I don't think another LTC run is needed for this non-functional speedup. I've verified a speedup also locally.

I need to check this runs fine under wine and cross compiles to android, but otherwise I think this can be merged in the next round.

Can you squash all commits to one?

skiminki · 2020-09-20T13:07:30Z

Sure, I'll squash a bit later today.

Use TT memory functions to allocate memory for the NNUE weights. This should provide a small speed-up on systems where large pages are not automatically used, including Windows and some Linux distributions. Further, since we now have a wrapper for std::aligned_alloc(), we can simplify the TT memory management a bit: - We no longer need to store separate pointers to the hash table and its underlying memory allocation. - We also get to merge the Linux-specific and default implementations of aligned_ttmem_alloc(). Finally, we'll enable the VirtualAlloc code path with large page support also for Win32. STC: https://tests.stockfishchess.org/tests/view/5f66595823a84a47b9036fba LLR: 2.94 (-2.94,2.94) {-0.25,1.25} Total: 14896 W: 1854 L: 1686 D: 11356 Ptnml(0-2): 65, 1224, 4742, 1312, 105 No functional change.

skiminki · 2020-09-20T13:40:46Z

git diff e5f433e 575a1d0 is empty.

snicolet · 2020-09-20T18:41:42Z

With the completed patch, it seems strange to use the type TtmemPtr for the network allocation, since the net is not at all related to the transposition table.

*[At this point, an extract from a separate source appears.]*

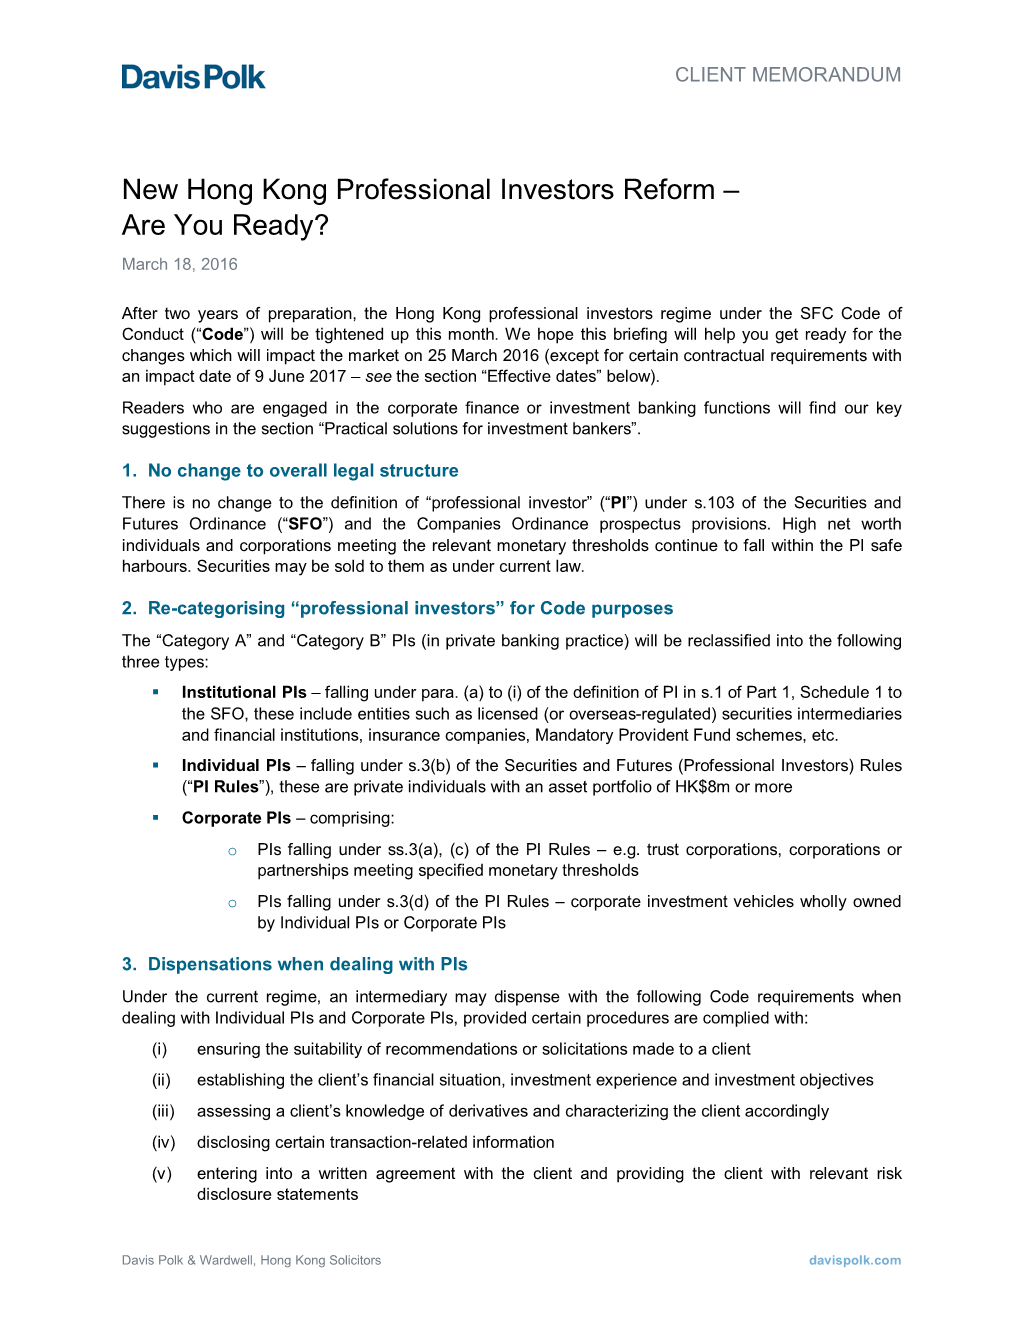 New Hong Kong Professional Investors Reform – Are You Ready? March 18, 2016

One possibility would be to use the following renaming:

aligned_ttmem_alloc ---> aligned_large_page_alloc
aligned_ttmem_free ---> aligned_large_page_free
TtmemPtr ---> LargePagePtr

The comments before aligned_large_page_alloc() in misc.cpp would be sufficient to indicate that this function [...] will return suitably aligned memory, if possible using large pages.

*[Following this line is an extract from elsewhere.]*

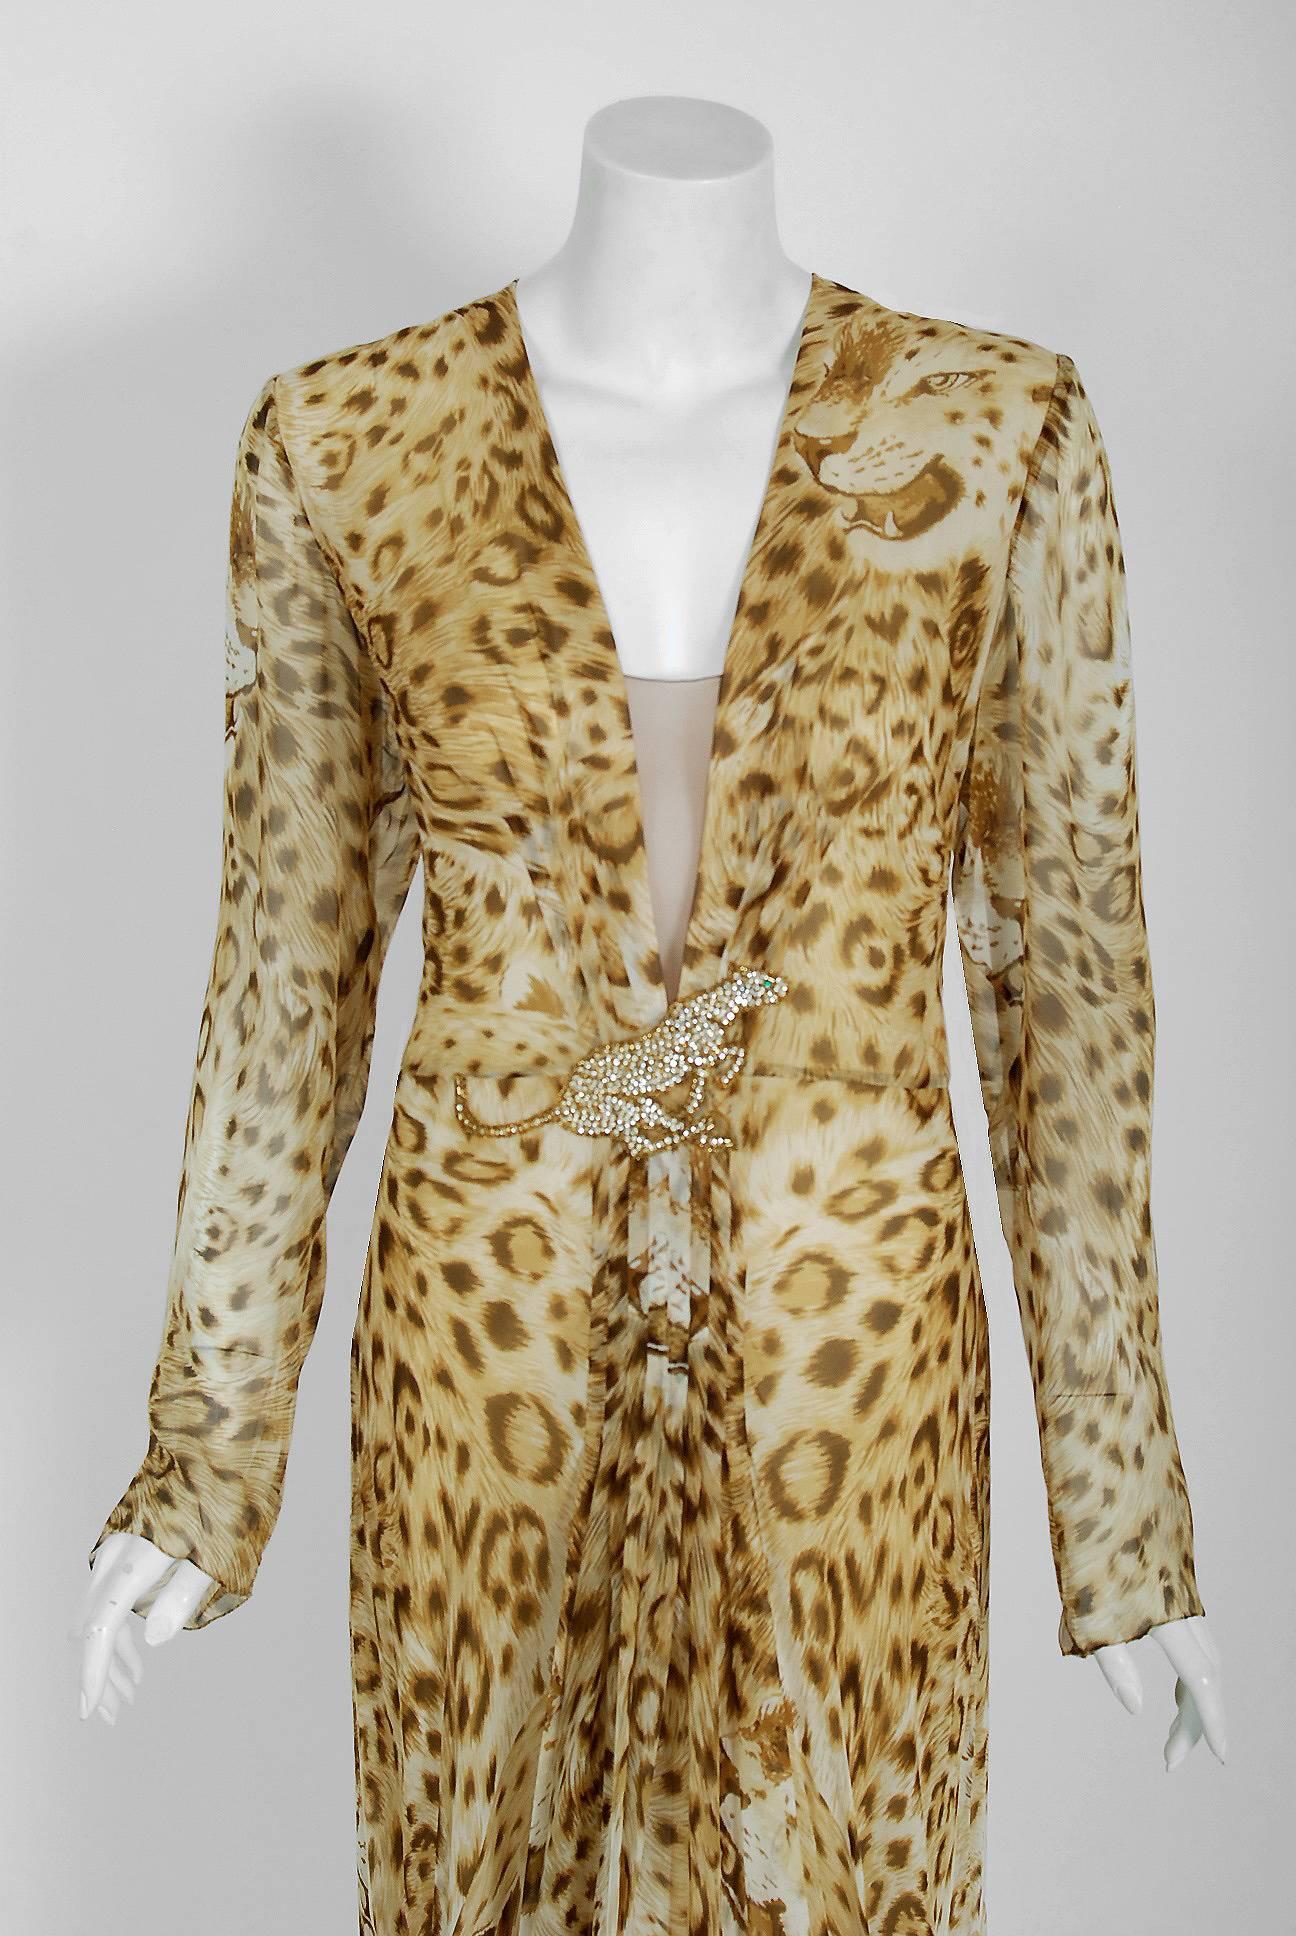 Breathtaking 1977 museum quality leopard print silk-chiffon dress by Hanae Mori. Whilst on a Paris holiday in 1960, Mori had a fateful fitting with Coco Chanel. She claimed this meeting changed her life and she challenged herself to realize her own

snicolet · 2020-09-20T19:01:49Z

src/nnue/evaluate_nnue.cpp

+  template <typename T>
+  void Initialize(TtmemPtr<T>& pointer) {
+
+    static_assert(alignof(T) <= 4096, "Ensure aligned_ttmem_alloc gives big enough alignment");


I don't understand the comment of the assert, did you mean the reverse comparison alignof(T) >= 4096 ?

And by the way, what happens on systems without large page supports? Will the assert fail on such systems?

I suppose the text could have been worded better. aligned_ttmem_alloc() allocates memory that is aligned by 4096 or more--it's in the contract and all the variants implement it so (Linux gives 2MB, Windows gives 4kB/2MB depending on big page support, others give 4kB). Here we simply do a build-time check that type T has an alignment requirement of at most 4096.

The static_assert would fail in the following case, for instance:

struct alignas(8192) BigStruct { uint8_t some_data_that_needs_8192_alignment[1048576]; }; TtmemPtr<BigStruct> bigData; Initialize(bigData); // static assert triggered here, since BigStruct type needs more alignment than aligned_ttmem_alloc() guarantees.

This static_assert is not hugely important. But since Initialize(TtmemPtr<T> &) is a template where T could be theoretically any type, it's generally advisable to have such a check in place. But I suppose we can also consider removing it if it's confusing.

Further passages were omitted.